More than 1,000 unallocated children-in-need cases in Essex

    Essex Council has established an emergency team of 21 social workers to help clear a backlog of more than 1,000 unallocated cases of children in need.

    A spokesperson for the authority, under special measures imposed by the government, said it had agreed on a timetable to clear the backlog – from a total of more than 8,000 cases of children in need and looked-after children in the county – by the end of May 2010.

    The council was originally ordered to improve its children’s social care services by the end of March 2010 or face some of its functions being outsourced.

    The Department for Children, Schools and Families issued an improvement notice in March last year after an annual performance assessment by Ofsted rated its safeguarding services “inadequate”.

    News that the council has failed to tackle the problem of unallocated cases follows an announcement in December by children’s minister Dawn Primarolo, who strengthened intervention after an unannounced Ofsted inspection in November found progress at the authority had been limited.

    Primarolo ordered the establishment of an improvement board to oversee progress, while two consultants from the DCSF are working with the council to draft a final improvement plan.

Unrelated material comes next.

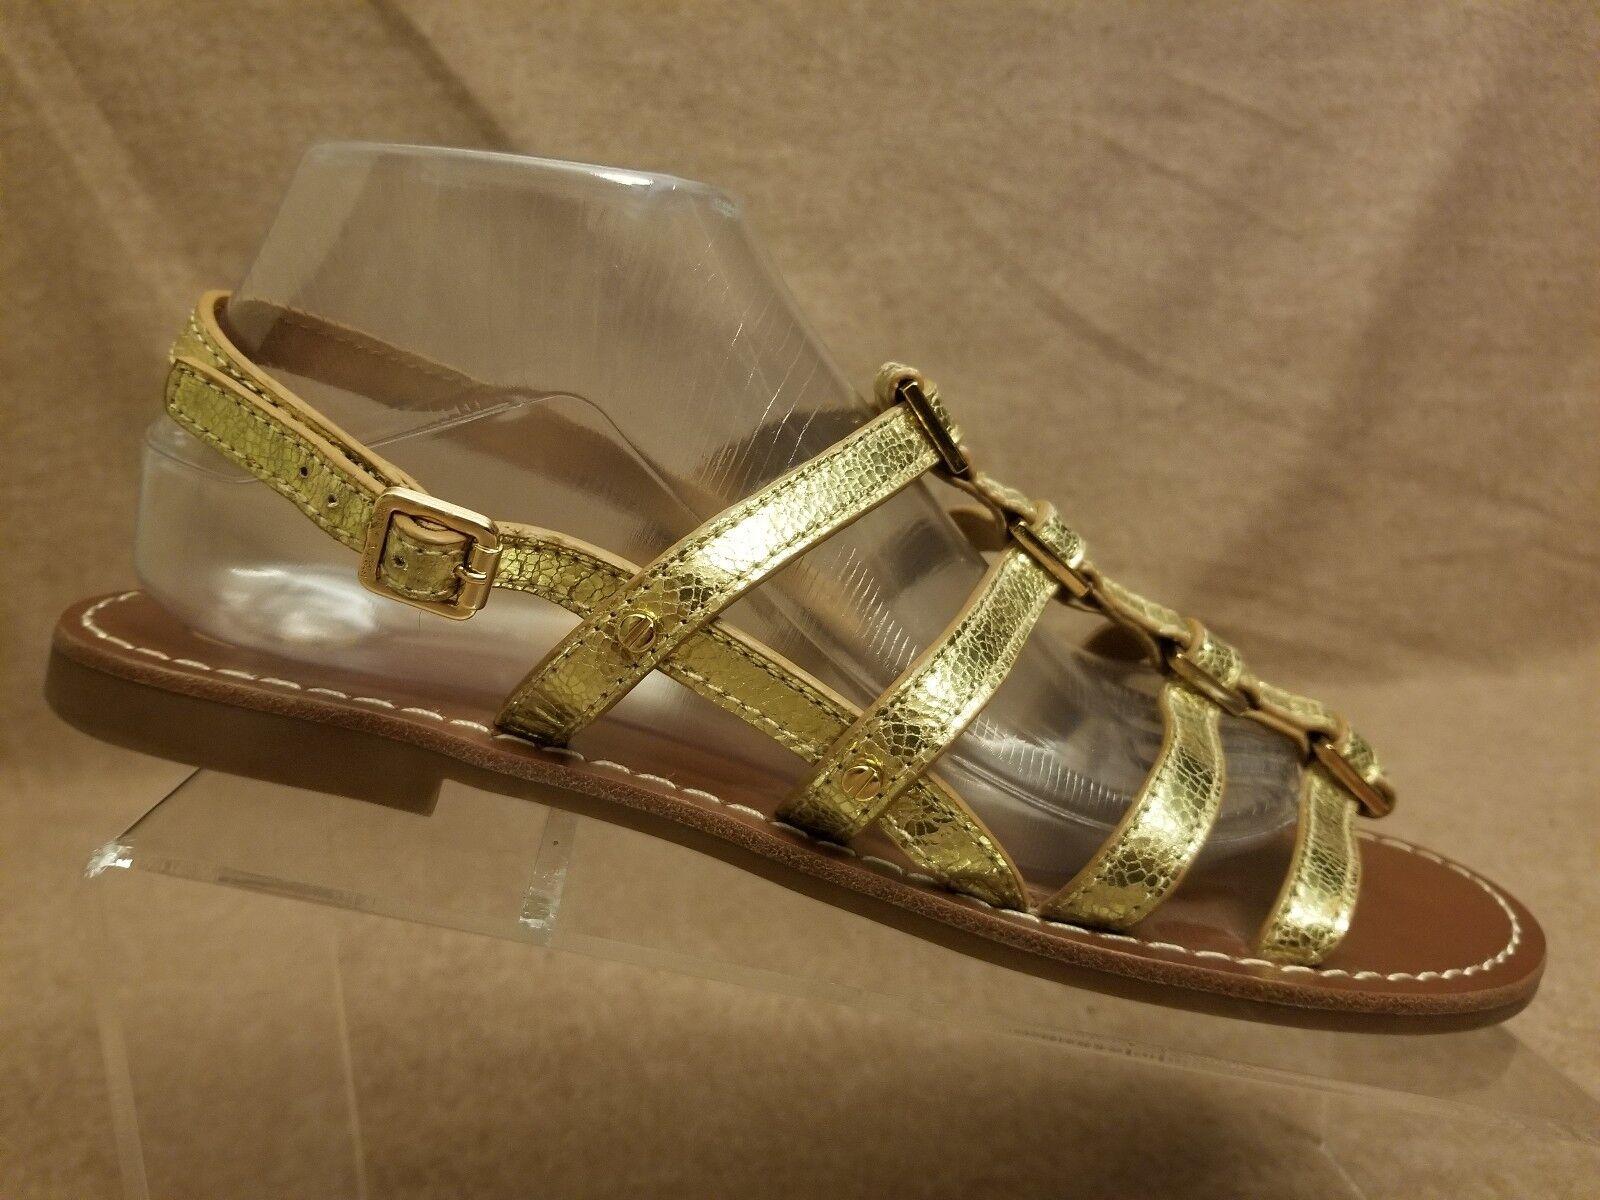 Tory Burch femmes en cuir doré métallisé MARRON Gladiateur Sandales Sz 11 M

She welcomed the appointment last summer of Malcolm Newsam, previously interim director at Thurrock Council, as director of children’s services.

    Although the number of unallocated cases has fallen by more than 800 in the past two months, Peter Martin, deputy leader of Essex Council, admitted that it is still not at an “acceptable level”.

    Martin said he was committed to ensuring that all children received support from an allocated social worker.

    He added that none of the remaining unallocated cases involved children on the at-risk register.

    The council refuted suggestions that the levels of unallocated are due to staff shortages. A spokesperson said there were currently six social worker vacancies.